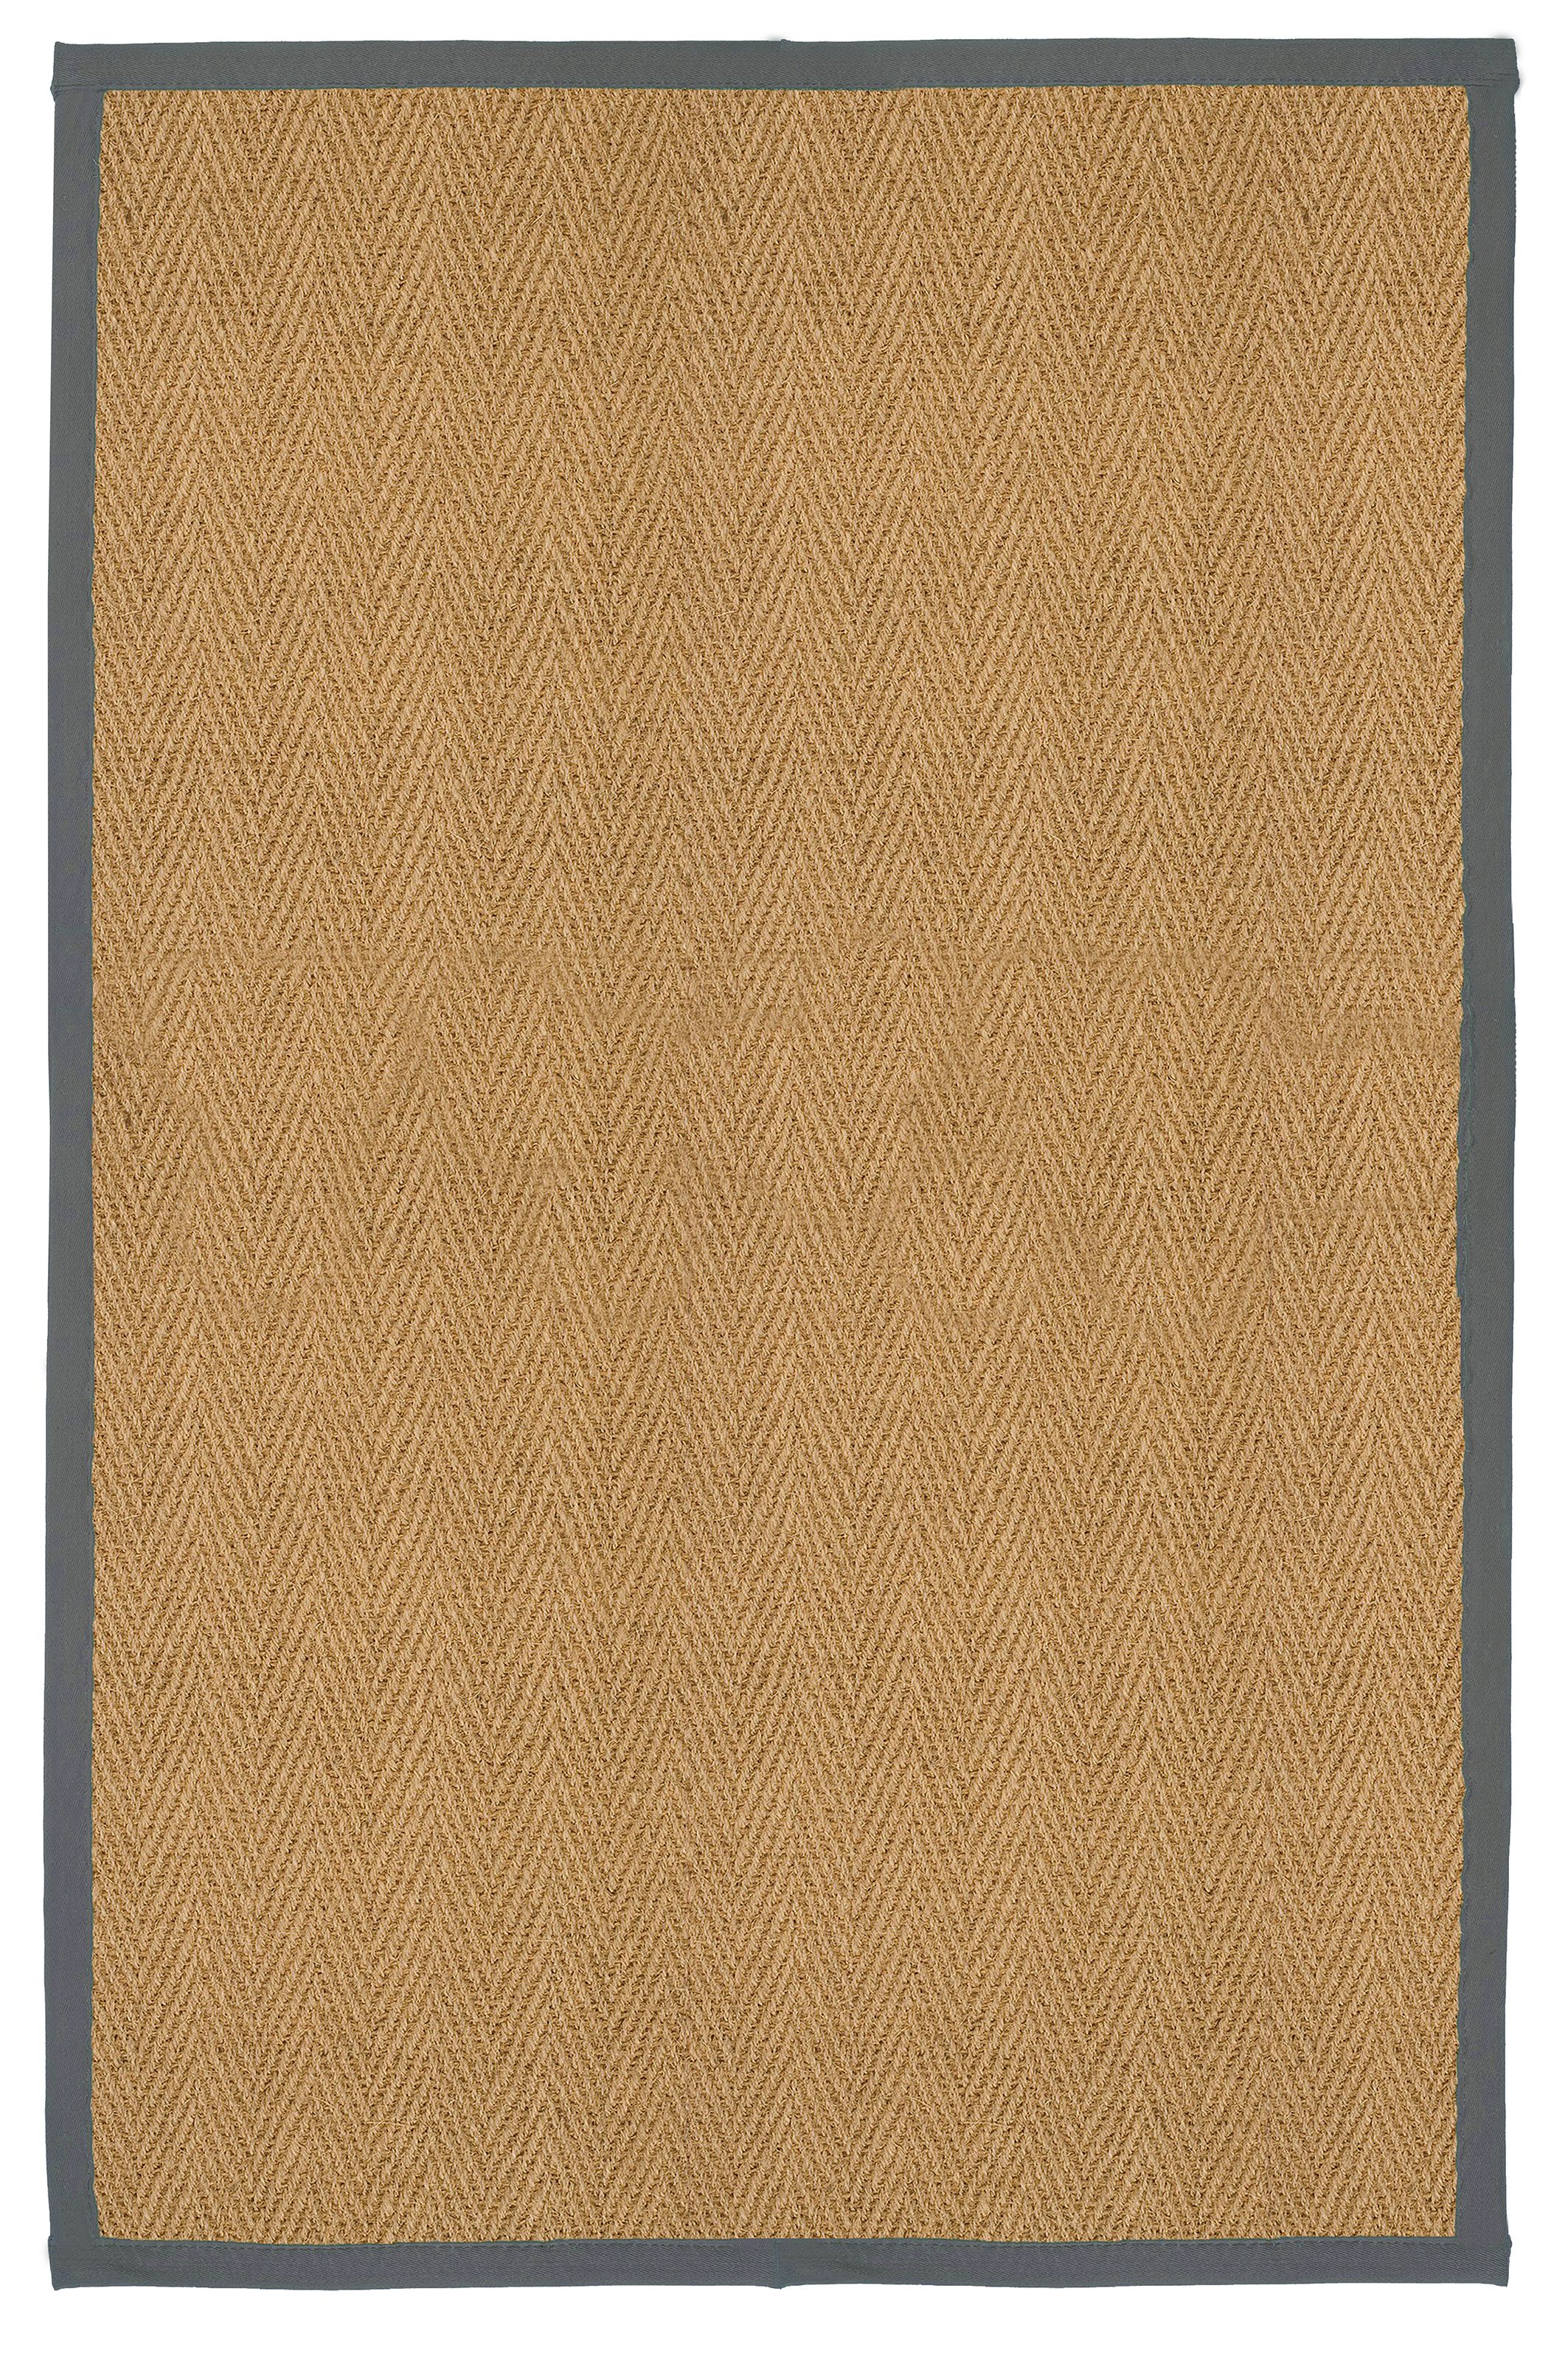 Brown, grey Herringbone weave Rug 200cmx135cm
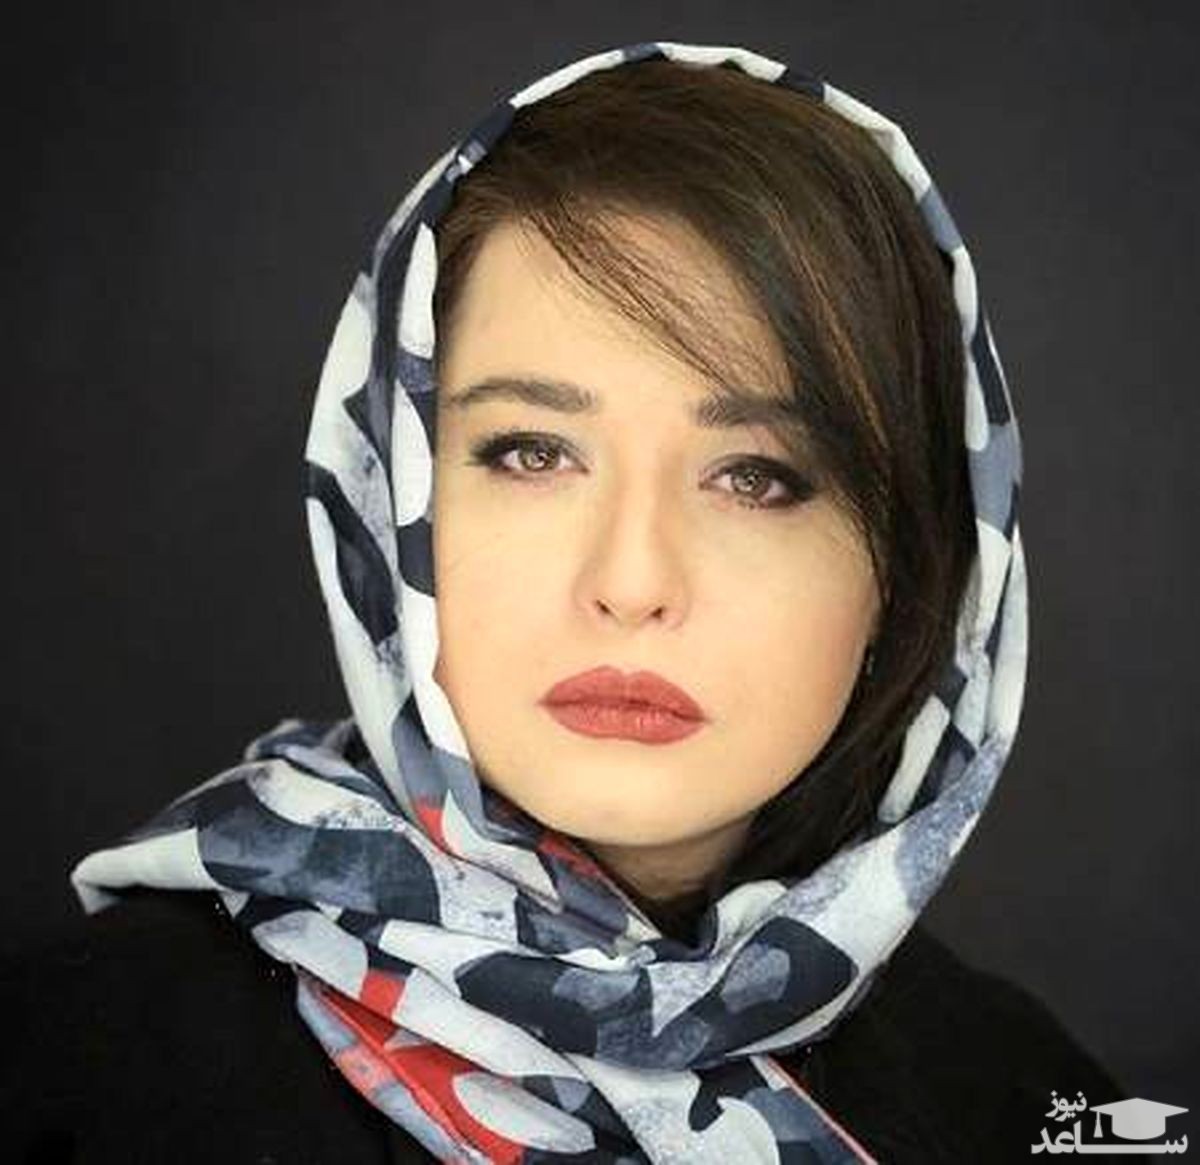 تانک سواری جالب مهراوه شریفی نیا با کلاه جنگی
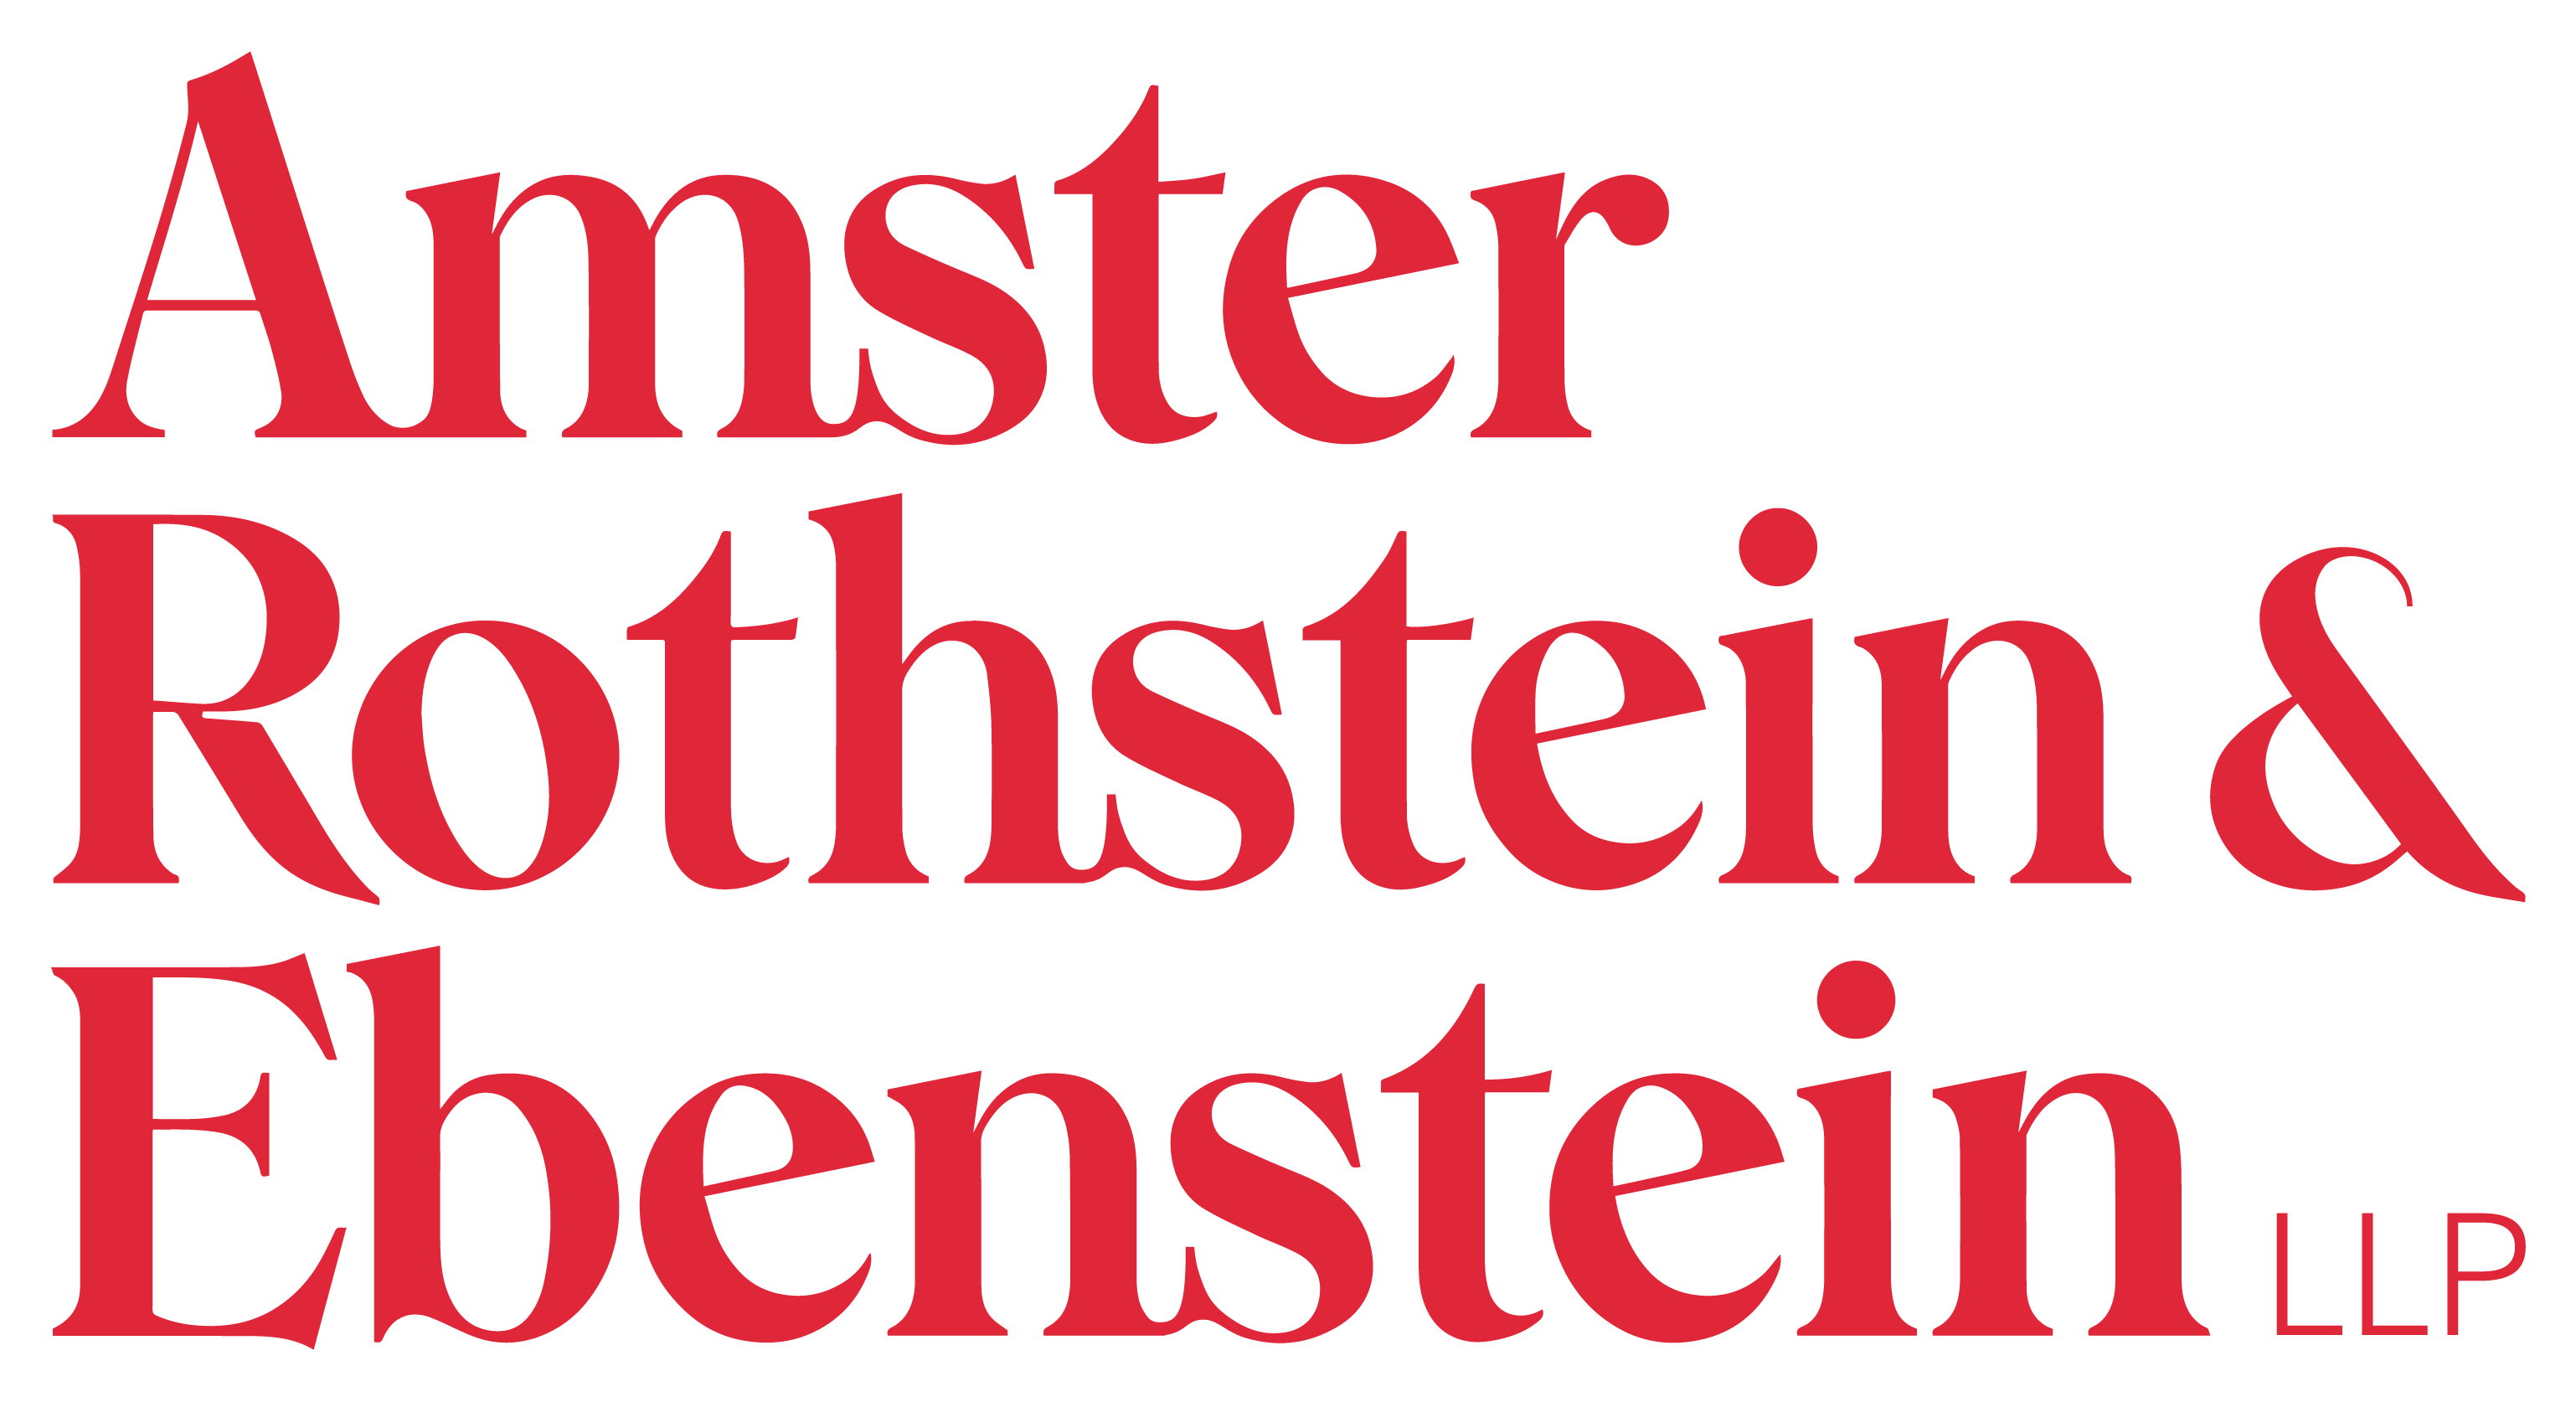 Amster, Rothstein & Ebenstein

┄┄┄┄┄┄┄┄┄┄┄┄┄┄┄┄┄┄┄┄

## YOUR GOAL
The lines from the one containing "تانک سواری جالب" through the end of the data above are to be copied exactly, both ends included, and pictures are to be omitted.

## ANSWER FOR THE TASK
 تانک سواری جالب مهراوه شریفی نیا با کلاه جنگی
 Amster, Rothstein & Ebenstein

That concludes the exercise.